ProjectGuides

Getting Started

This guide explains how to use async for event-driven systems.

Installation

Add the gem to your project:

$ bundle add async

Core Concepts

async has several core concepts:

Creating Tasks

The main entry point for creating tasks is the Kernel#Async method. Because this method is defined on Kernel, it's available in all areas of your program.

require 'async'

Async do |task|
	puts "Hello World!"
end

An class Async::Task runs using a Fiber and blocking operations e.g. sleep, read, write yield control until the operation can complete.

At the top level, Async do ... end will create an event loop, and nested Async blocks will reuse the existing event loop. This allows the caller to have either blocking or non-blocking behaviour.

require 'async'

def sleepy(duration = 1)
	Async do |task|
		task.sleep duration
		puts "I'm done sleeping, time for action!"
	end
end

# Synchronous operation:
sleepy

# Asynchronous operation:
Async do
	# These two functions will sleep simultaneously.
	sleepy
	sleepy
end

If you want to guarantee synchronous execution, you can use Kernel#Sync which is semantically identical to Async except that in all cases it will wait until the given block completes execution.

Nested Tasks

Sometimes it's convenient to explicitly nest tasks. There are a variety of reasons to do this, including grouping tasks in order to wait for completion. In the most basic case, you can make a child task using the Async::Task#async method.

require 'async'

def nested_sleepy(task: Async::Task.current)
	# Block caller
	task.sleep 0.1
	
	# Schedule nested task:
	subtask = task.async(annotation: "Sleeping") do |subtask|
		puts "I'm going to sleep..."
		subtask.sleep 1.0
	ensure
		puts "I'm waking up!"
	end
end

Async(annotation: "Top Level") do |task|
	subtask = nested_sleepy(task: task)
	
	task.reactor.print_hierarchy
	#<Async::Reactor:0x64 1 children (running)>
				#<Async::Task:0x78 Top Level (running)>
								#<Async::Task:0x8c Sleeping (running)>
end

This example creates a child subtask from the given parent task. It's the most efficient way to schedule a task. The task is executed until the first blocking operation, at which point it will yield control and #async will return. The result of this method is the task itself.

Waiting For Results

Like promises, class Async::Task produces results. In order to wait for these results, you must invoke Async::Task#wait:

require 'async'

task = Async do
	rand
end

puts task.wait

Waiting For Multiple Tasks

You can use Async::Barrier#async to create multiple child tasks, and wait for them all to complete using Async::Barrier#wait.

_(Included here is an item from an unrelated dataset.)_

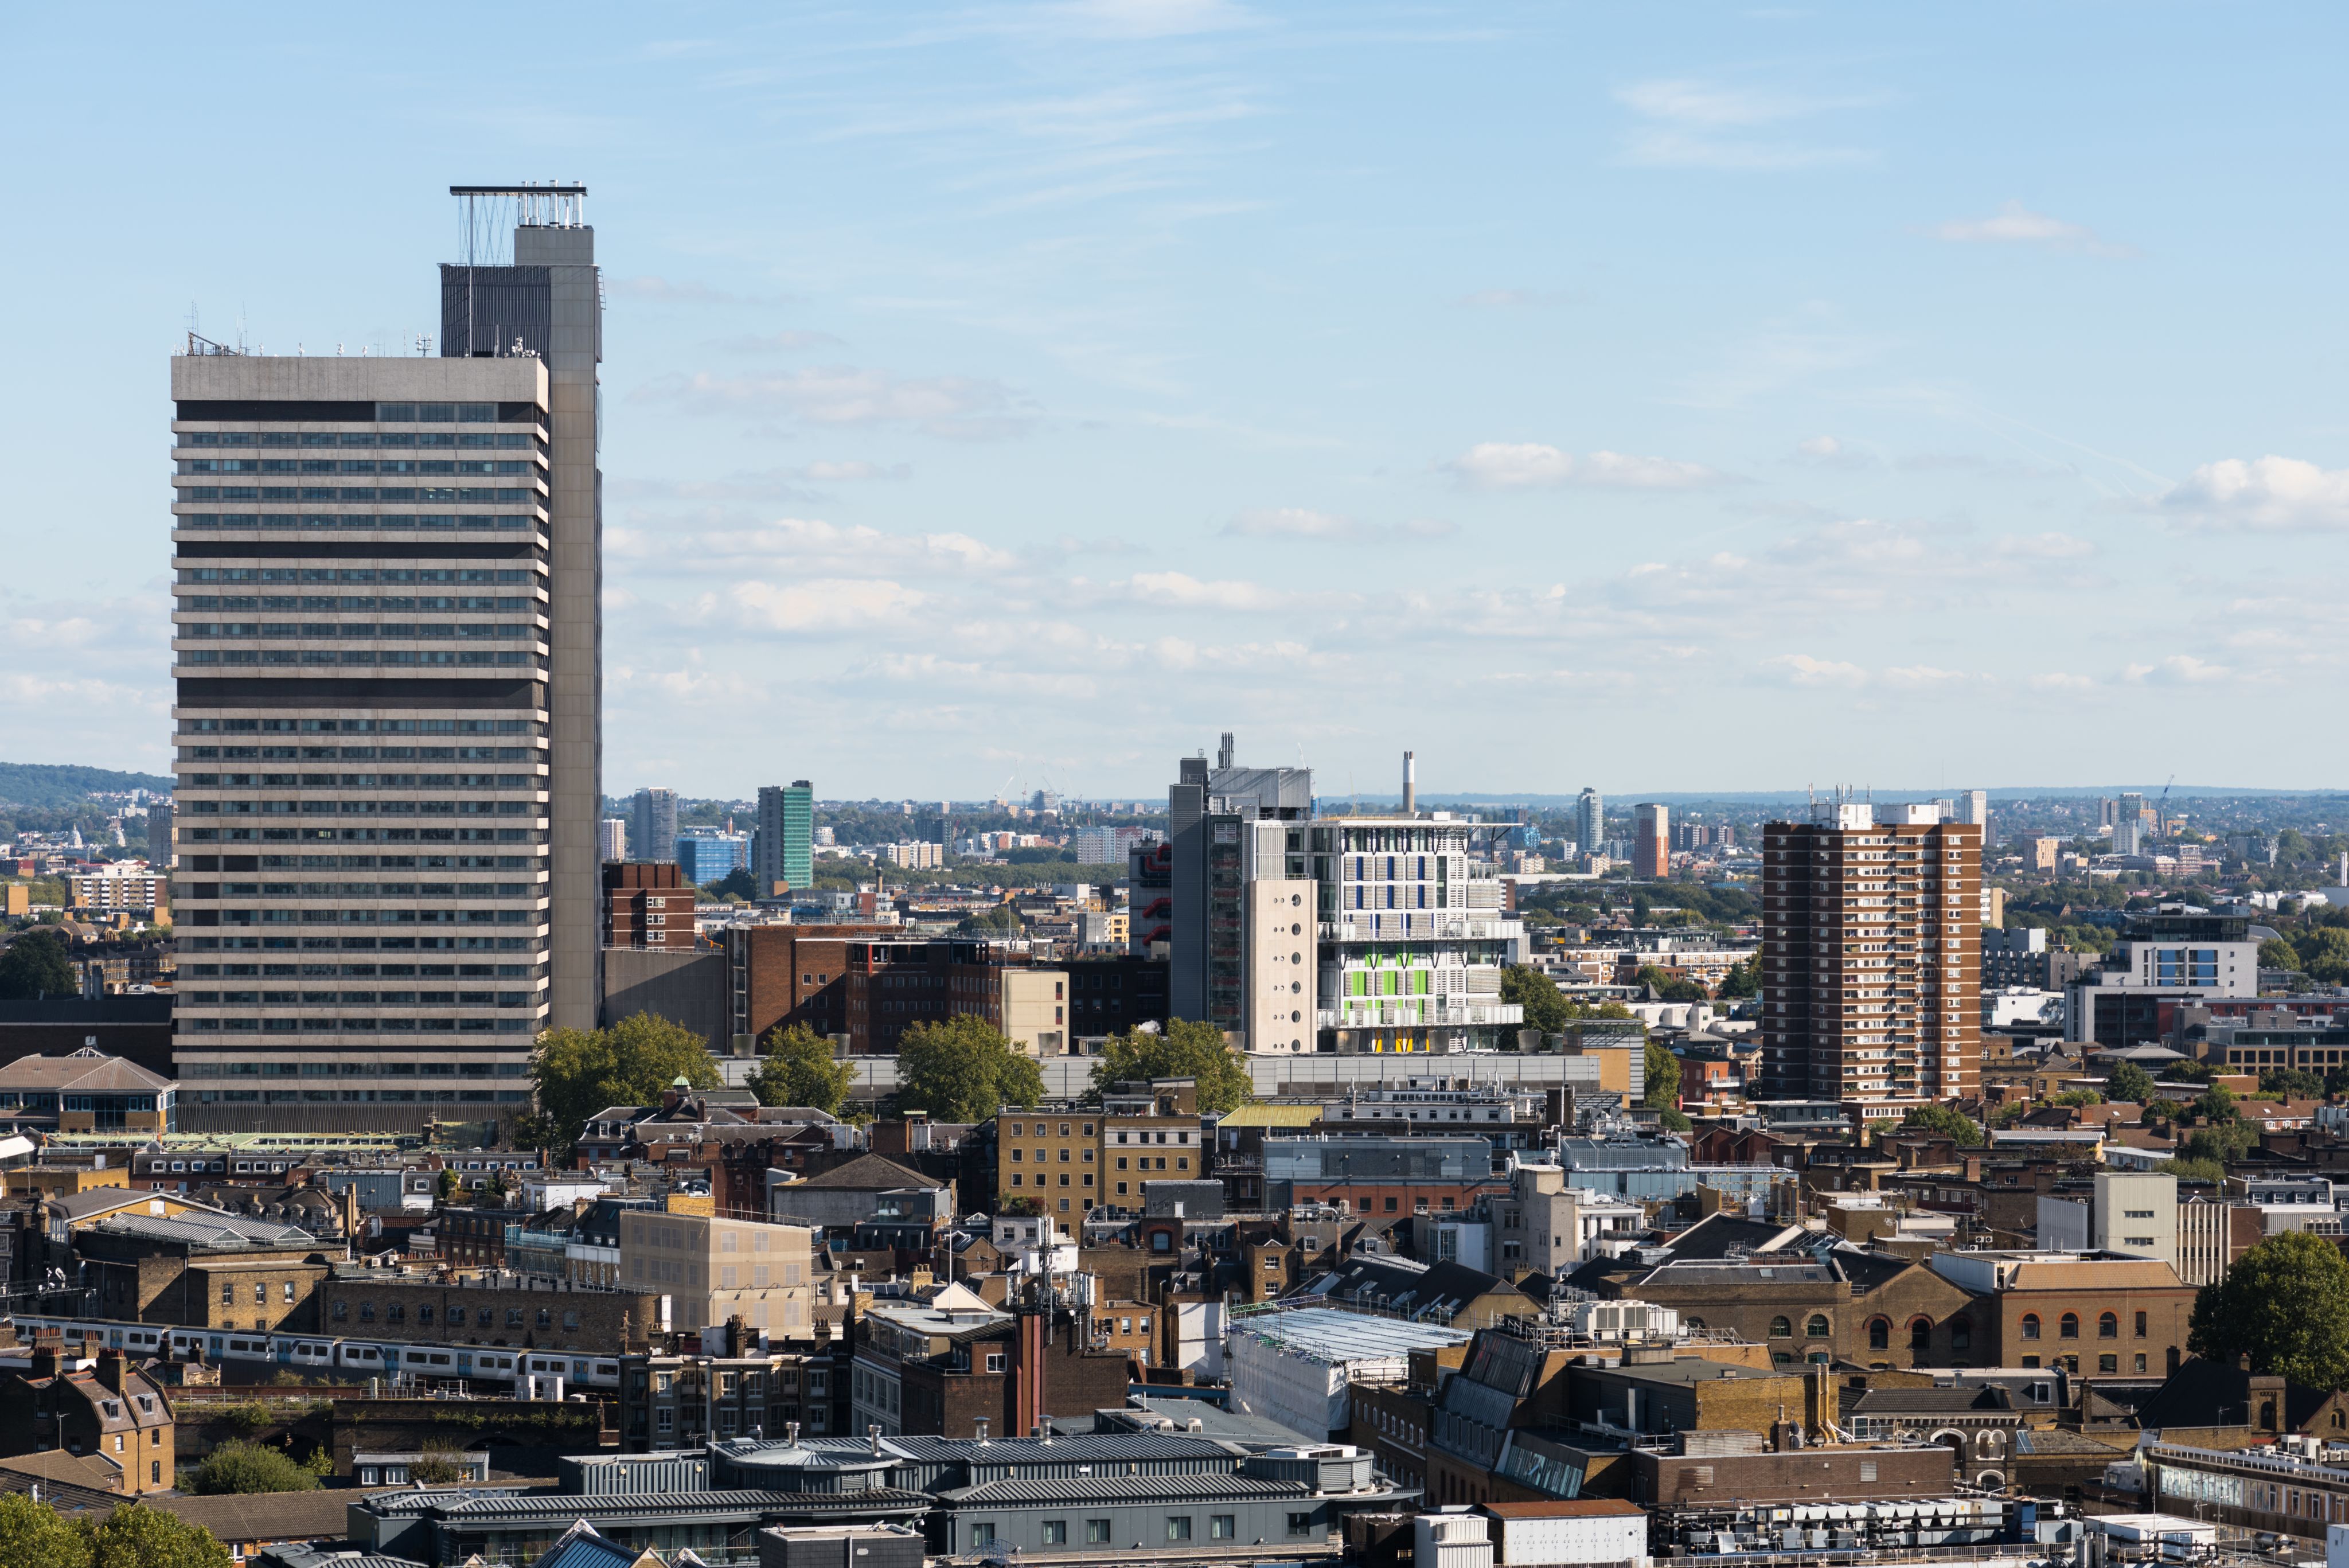 Rooftop view across Southwark, including Guy's Hospital, London.

class Async::Barrier and class Async::Semaphore are designed to be compatible with each other, and with other tasks that nest #async invocations. There are other similar situations where you may want to pass in a parent task, e.g. Async::IO::Endpoint#bind.

barrier = Async::Barrier.new
semaphore = Async::Semaphore.new(2)

semaphore.async(parent: barrier) do
	# ...
end

A parent: in this context is anything that responds to #async in the same way that class Async::Task responds to #async. In situations where you strictly depend on the interface of class Async::Task, use the task: Task.current pattern.

Stopping Tasks

Use Async::Task#stop to stop tasks. This function raises class Async::Stop on the target task and all descendent tasks.

require 'async'

Async do
	sleepy = Async do |task|
		task.sleep 1000
	end
	
	sleepy.stop
end

When you design a server, you should return the task back to the caller. They can use this task to stop the server if needed, independently of any other unrelated tasks within the reactor, and it will correctly clean up all related tasks.

Resource Management

In order to ensure your resources are cleaned up correctly, make sure you wrap resources appropriately, e.g.:

Async::Reactor.run do
	begin
		socket = connect(remote_address) # May raise Async::Stop

		socket.write(...) # May raise Async::Stop
		socket.read(...) # May raise Async::Stop
	ensure
		socket.close if socket
	end
end

As tasks run synchronously until they yield back to the reactor, you can guarantee this model works correctly. While in theory IO#autoclose allows you to automatically close file descriptors when they go out of scope via the GC, it may produce unpredictable behavour (exhaustion of file descriptors, flushing data at odd times), so it's not recommended.

Exception Handling

class Async::Task captures and logs exceptions. All unhandled exceptions will cause the enclosing task to enter the :failed state. Non-StandardError exceptions are re-raised immediately and will generally cause the reactor to fail. This ensures that exceptions will always be visible and cause the program to fail appropriately.

require 'async'

task = Async do
	# Exception will be logged and task will be failed.
	raise "Boom"
end

puts task.status # failed
puts task.result # raises RuntimeError: Boom

Propagating Exceptions

If a task has finished due to an exception, calling Task#wait will re-raise the exception.

require 'async'

Async do
	task = Async do
		raise "Boom"
	end
	
	begin
		task.wait # Re-raises above exception.
	rescue
		puts "It went #{$!}!"
	end
end

Timeouts

You can wrap asynchronous operations in a timeout. This ensures that malicious services don't cause your code to block indefinitely.

require 'async'

Async do |task|
	task.with_timeout(1) do
		task.sleep 100
	rescue Async::TimeoutError
		puts "I timed out!"
	end
end

Reoccurring Timers

Sometimes you need to do some periodic work in a loop.

require 'async'

Async do |task|
	while true
		puts Time.now
		task.sleep 1
	end
end